Yea...it is made from wood. I keep all kinds scrap wood laying around, so I always seem to find the perfect pieces to make something with.


----------



## 3athlete (May 14, 2006)

I thought the fire was cool but I was a bit disturbed about all the joking about the people in the house and not being able to get out...guess I've lost my sense of humor about fire being married to a FF.


----------



## MaeJae (May 12, 2005)

California Jim said:


> It's taking FOREVER to load.......still waiting......


Yeah... me too! I think I will go eat dinner and it "should" 
be loaded by the time I get back!









Darn Dial-Up!!!
MaeJae


----------



## ED_RN (Jun 25, 2006)

Very cool. Wish ihad thought of something like that when the kid's were younger


----------



## Nathan (Jan 2, 2007)

Looks like a lot of fun!


----------



## MaeJae (May 12, 2005)

That is Sa-WeeeEEeeeT... Cool entertainment for the kids(and functional!)

Oh, BTW my dinner was delicious!!!















I guess you could say I had... dinner and a movie!!!























MaeJae


----------



## mswalt (Sep 14, 2004)

Jim,

Pretty cool... I mean, HOT!

Great project.

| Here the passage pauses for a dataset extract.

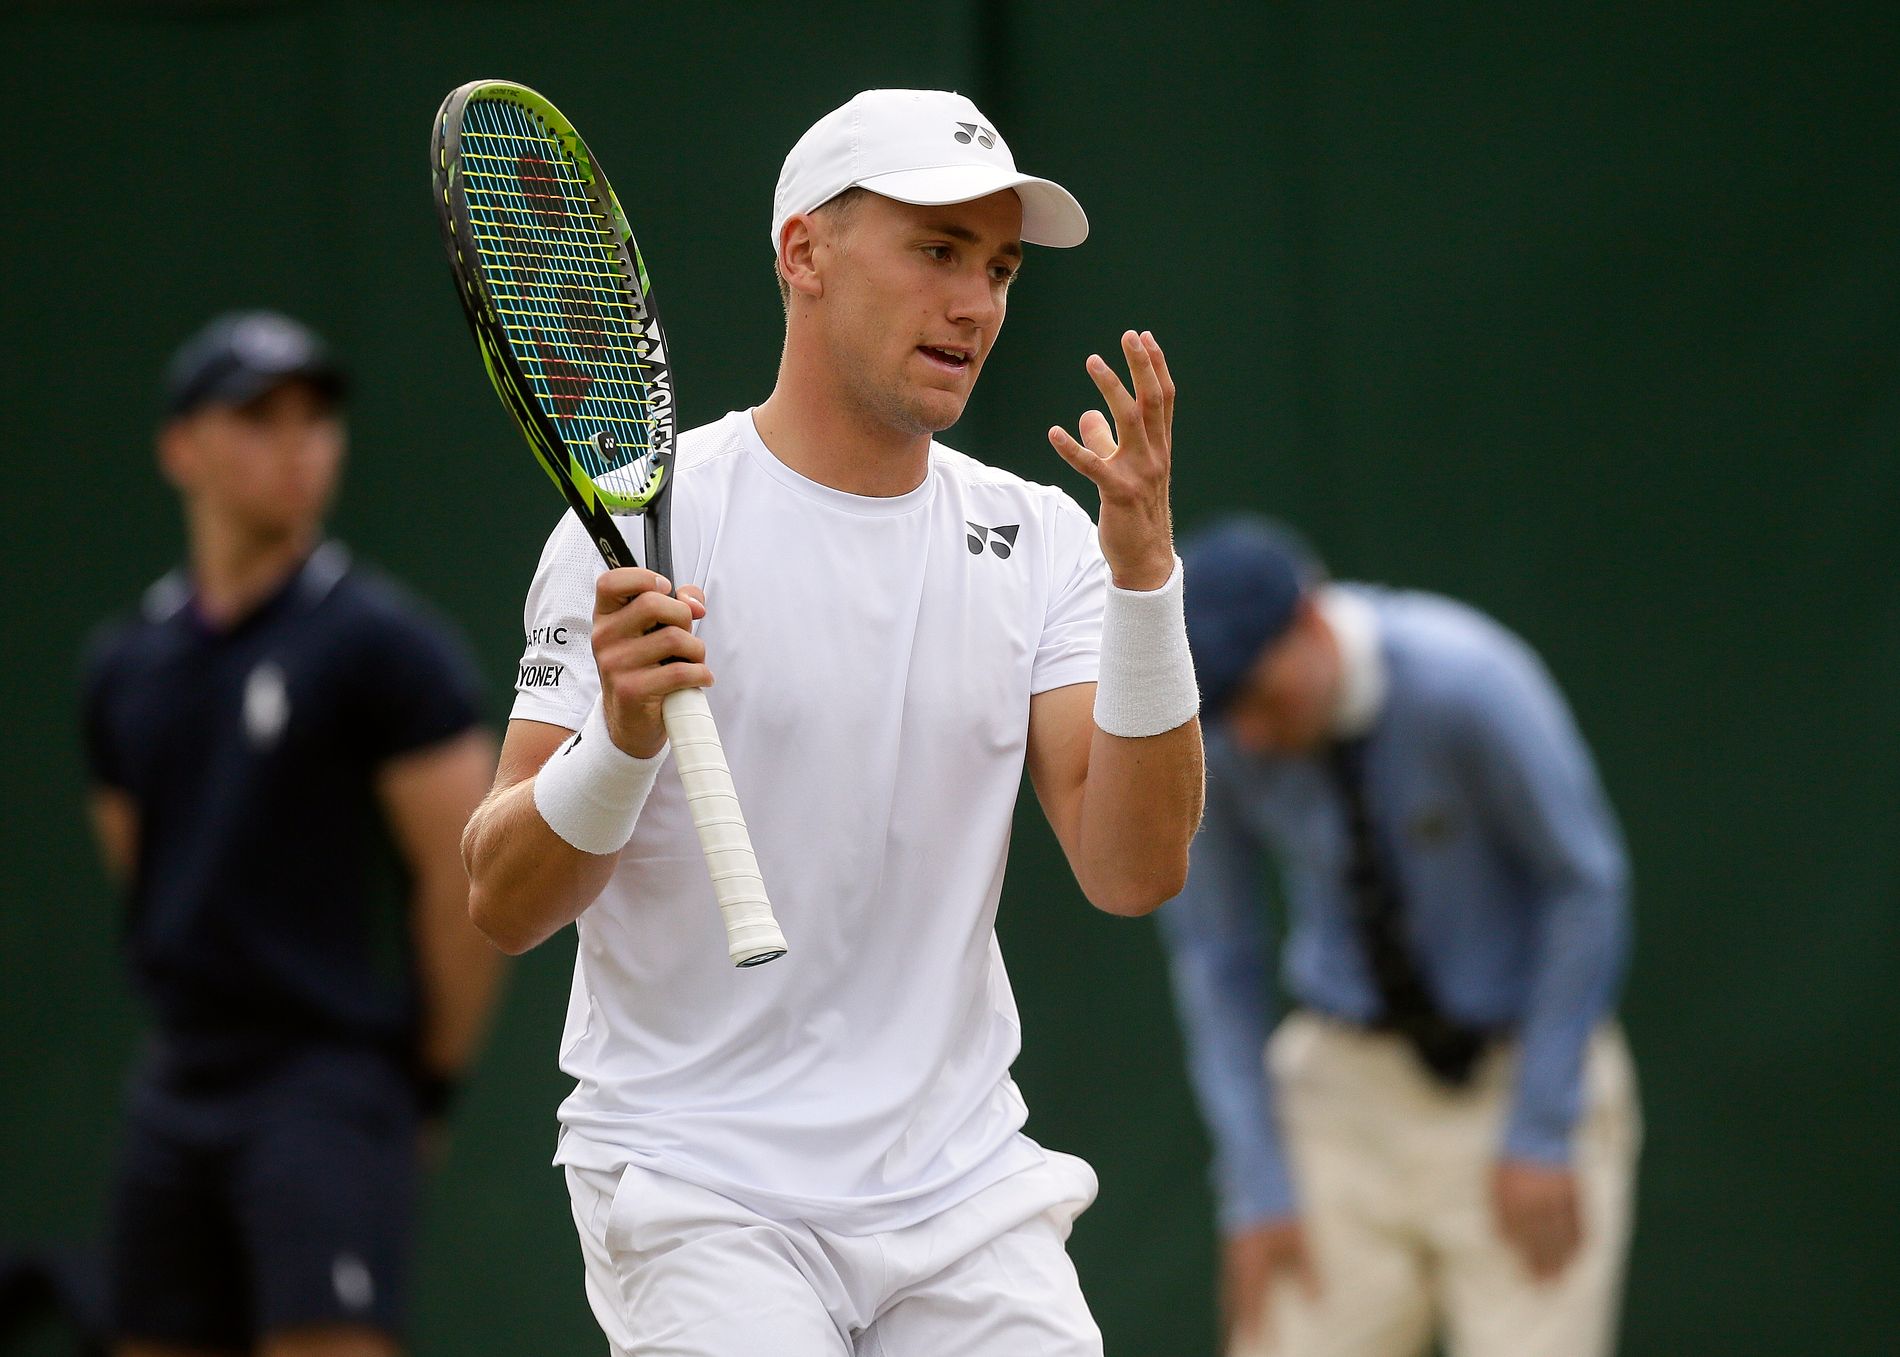 Wimbledon 2022 LIVE: From Novak Djokovic to Carlos Alcaraz, Top contenders for Men's singles title at Wimbledon 2022 - Check Out 

Fun to watch. Even more fun to enjoy in person.

Mark


----------



## RizFam (Feb 25, 2006)

I enjoyed that Jim, thanks.







I'm going to show my DH. He has all kinds of scrap wood as well & he makes bird houses out of it. If he watches your clever fire starting technique he may just make some for future camping trips.







I really liked the "Help Us" pop-up sign.


----------



## battalionchief3 (Jun 27, 2006)

On the scene, side Alpha, 2 story wood frame construction, heavy fire showing, have the next unit in pick it up at the corner, I will be establishing the camp fire house command......Oh and start the ladies aux for refreshments.


----------



## Paul and Amy (Jul 8, 2007)

3athlete said:


> I thought the fire was cool but I was a bit disturbed about all the joking about the people in the house and not being able to get out...guess I've lost my sense of humor about fire being married to a FF.


We agree with you. We don't believe we should teach children to have fun with fire, but to respect it and use it wisely, let children understand the power and devastation it can cause to people, nature, and environment. All it takes is a spark. Then again you are talking with survivers of the Florida 1998 fires, suffered severe damage to our home (3 months old), were evacuated for almost a week, only had 5 minutes to pack up what we could, and were basically told by authorities let our County burn because there was no way to control it (fend for your own lives). By the way, that fire that destroyed my neighborhood, my development, my town, my friends lives, left several neighbors homes gone, cars in shells, etc. - CNN welcomed us back as being the first ones allowed to view the damages and devastation in the area......this video was way to South Park for us.


----------



## huntr70 (Jul 8, 2005)

As they say, everyone has an opinion, and being a public website.......it is bound to not sit well with some.

I found it cute. I do agree that children should be educated about fire safety, and that is the responsibility of the parents.

I think it is an entertaining way to get a campfire started, and the kids should know the difference between a campfire starter and a real home fire.

Camping is all about fun and learning for the kids.....lets not take something that is just that, and turn it into something else.

Steve


----------



## Sayonara (Jul 23, 2007)

Very creative! Be safe and have fun!!


----------